Useful, neutral sources for comparing travel policies sold in the Polish market — none of these are commercial affiliates of ours:

  • Komisja Nadzoru Finansowego (KNF) — the financial supervisor publishes the licence register and complaint statistics for every insurer operating in Poland.
  • Rzecznik Finansowy — the Financial Ombudsman handles disputes between consumers and insurers, including travel-insurance refusals.
  • Urząd Ochrony Konkurencji i Konsumentów (UOKiK) — the consumer authority publishes guidance on unfair policy terms and contract-template abuse.
  • Comparison portals (Mubi, Rankomat, Comperia) — useful for filtering by cap and delay threshold, but read the source terms before buying anything.

What to actually look at in the terms before signing or before giving up on a policy you already hold:

  1. Delay threshold — 4, 6 or 8 hours? Lower is better.
  2. Daily cap for hotel and meals — under PLN 600 is rarely enough at expensive destinations.
  3. Baggage delay payout — PLN per hour after the threshold (usually 4 h).
  4. Cap per event and per year.
  5. Insolvency cover — included or an add-on?
  6. Geographical scope — worldwide, EEA only, or excluding the US/Canada?
  7. Deductible — fixed amount or percentage?

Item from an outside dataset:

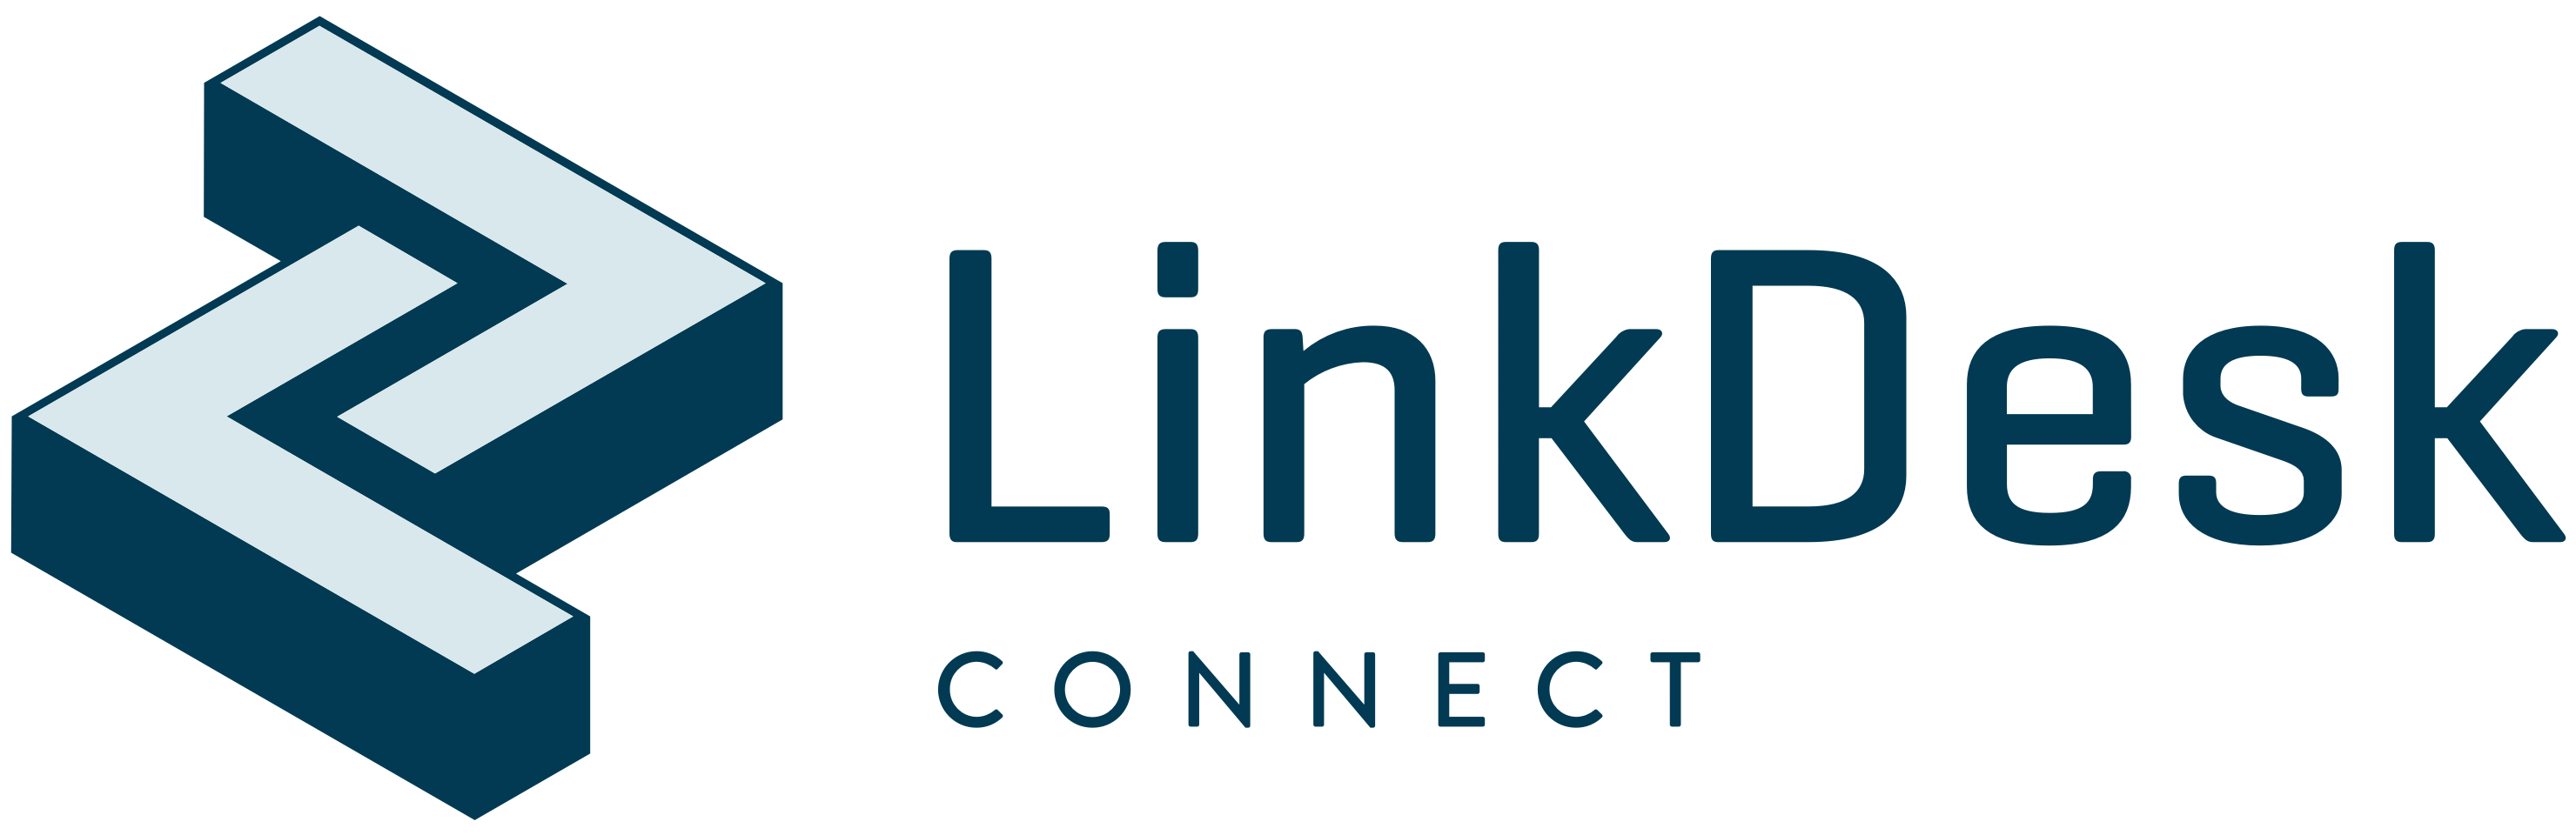 logotipo linkdesk connect

The Polish-language version of this analysis with deeper local detail and Polish source quotes is available at our original ubezpieczenie podróżne vs EU 261 page.

Quick Decision Matrix

Your situation

First route

Backup

3-hour delay, EU carrier, no extra costs

EU 261

5+ hour delay, knock-on hotel cost

EU 261 + insurance

RPP / Sąd Rejonowy if airline refuses

Cancellation on non-EU carrier from non-EU airport

Travel insurance

Montreal Convention for baggage

Baggage delayed or damaged

Insurance + Montreal Convention claim against airline

Illness during the trip

Insurance

Tour operator collapsed

Insurance (insolvency rider)

UFG / Turystyczny Fundusz Gwarancyjny

Airline refuses EU 261 after 30 days

RPP complaint at the ULC

Sąd Rejonowy within 10 years

The summary is simple: pursue everything the law and your policy entitle you to, file every claim honestly, and let the no-double-recovery rule sort out any overlap. The combined recovery is almost always larger than what either route delivers on its own.